A key item is "Operations in Class B, C, D and E airspace are allowed with the
required ATC permission. Operations in Class G airspace are allowed without
ATC permission." (Here's the US airspace classification.[1])

Most US airspace near the ground is class G. So, as a practical matter, almost
all farmers and ranchers will be able to use drones with few restrictions.

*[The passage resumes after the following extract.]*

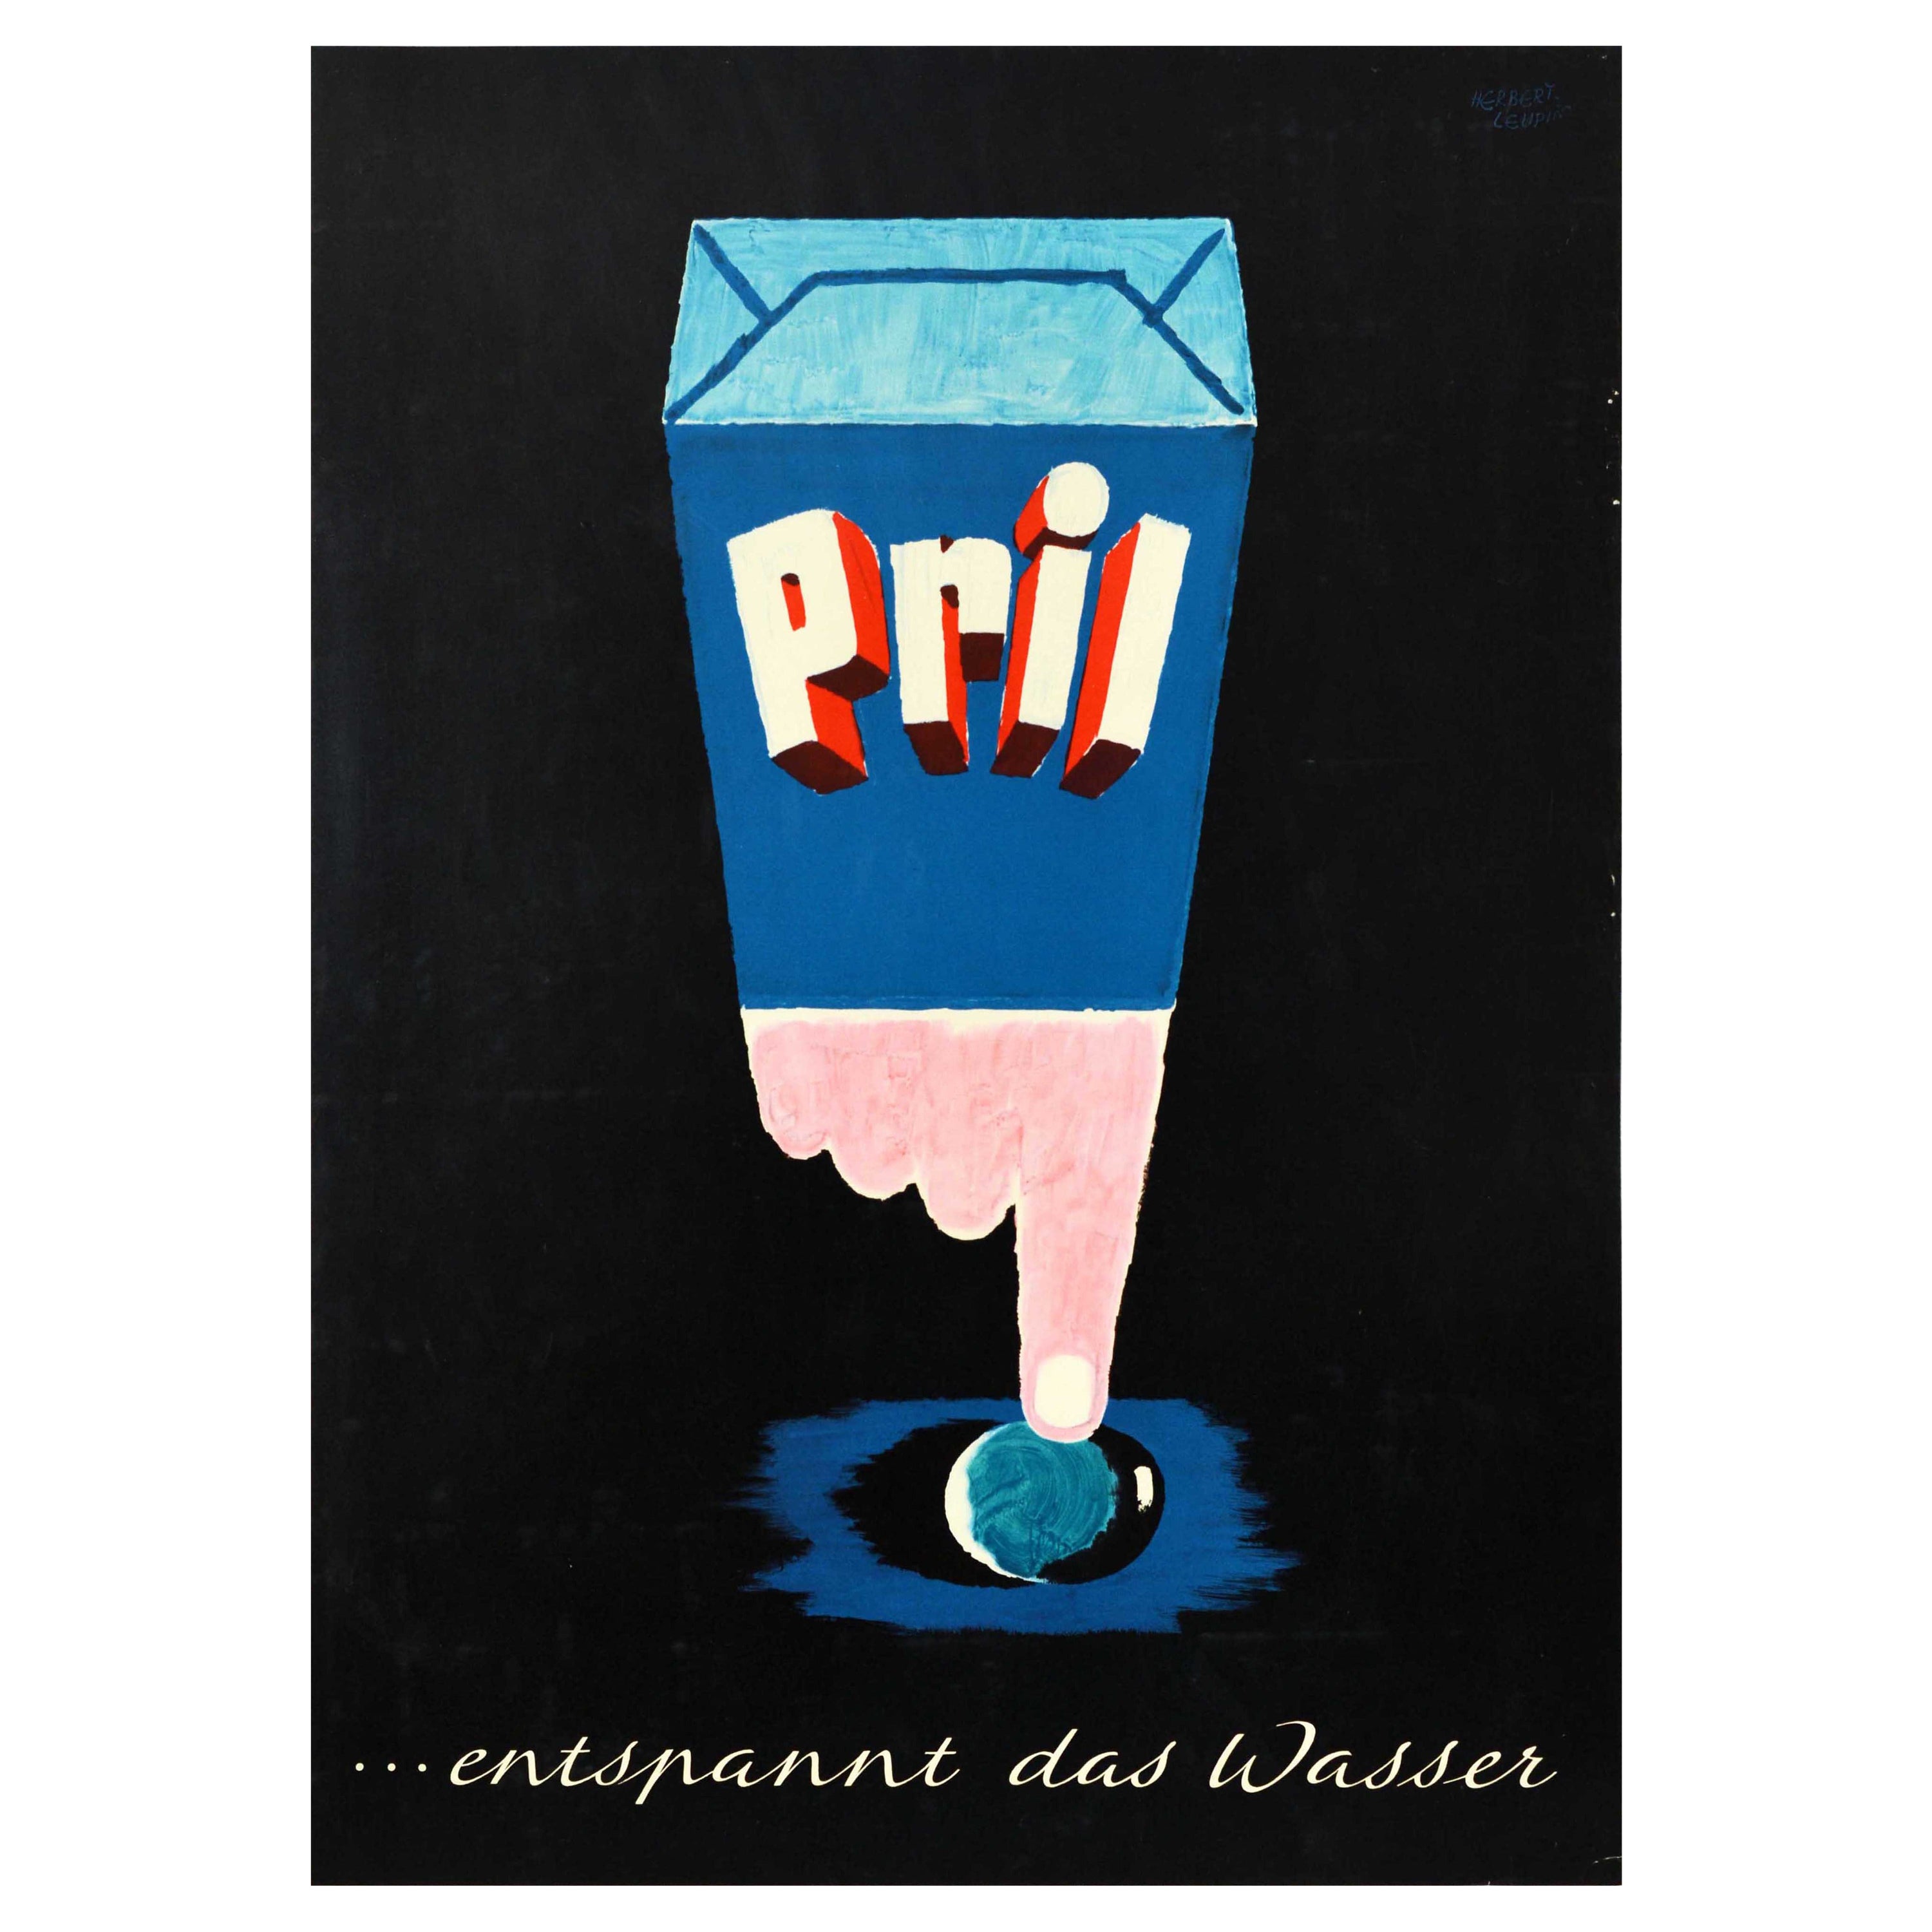 Original Vintage Advertising Poster For Pril Washing Up Powder Relaxes The Water For Sale

Classes B, C, and D are around airports and go all the way down to the ground.
They're controlled by FAA control towers with radar. To do anything in the air
in B, C, and D airspace, you have to be visible to ATC and in communication
with them. This now applies to drones, too. There are now ADS-B transponders
for drones; the smallest weighs 20 grams.[2] This makes your drone visible and
identifiable to air traffic control. If you're taking real estate photos or
shooting a movie in a big city, you need to be visible to ATC and talking to
them. ATC towers have published phone numbers.

The hardest place to operate is New York City. City policy can be summed up as
"No way". NYC assumes that anything unauthorized flying over the city is a
terrorist attack, and ATC will not grant permission. Some bozo crashed a small
drone into the Empire State Building early this year.[3] He was arrested and
charged with reckless endangerment.

[1]
[https://en.wikipedia.org/wiki/Airspace_class_(United_States)](https://en.wikipedia.org/wiki/Airspace_class_\(United_States\))
[2]
[http://www.uavionix.com/products/ping2020/](http://www.uavionix.com/products/ping2020/)
[3] [http://www.nytimes.com/2016/02/15/nyregion/not-part-of-
video...](http://www.nytimes.com/2016/02/15/nyregion/not-part-of-videos-
script-an-arrest-for-flying-a-drone.html)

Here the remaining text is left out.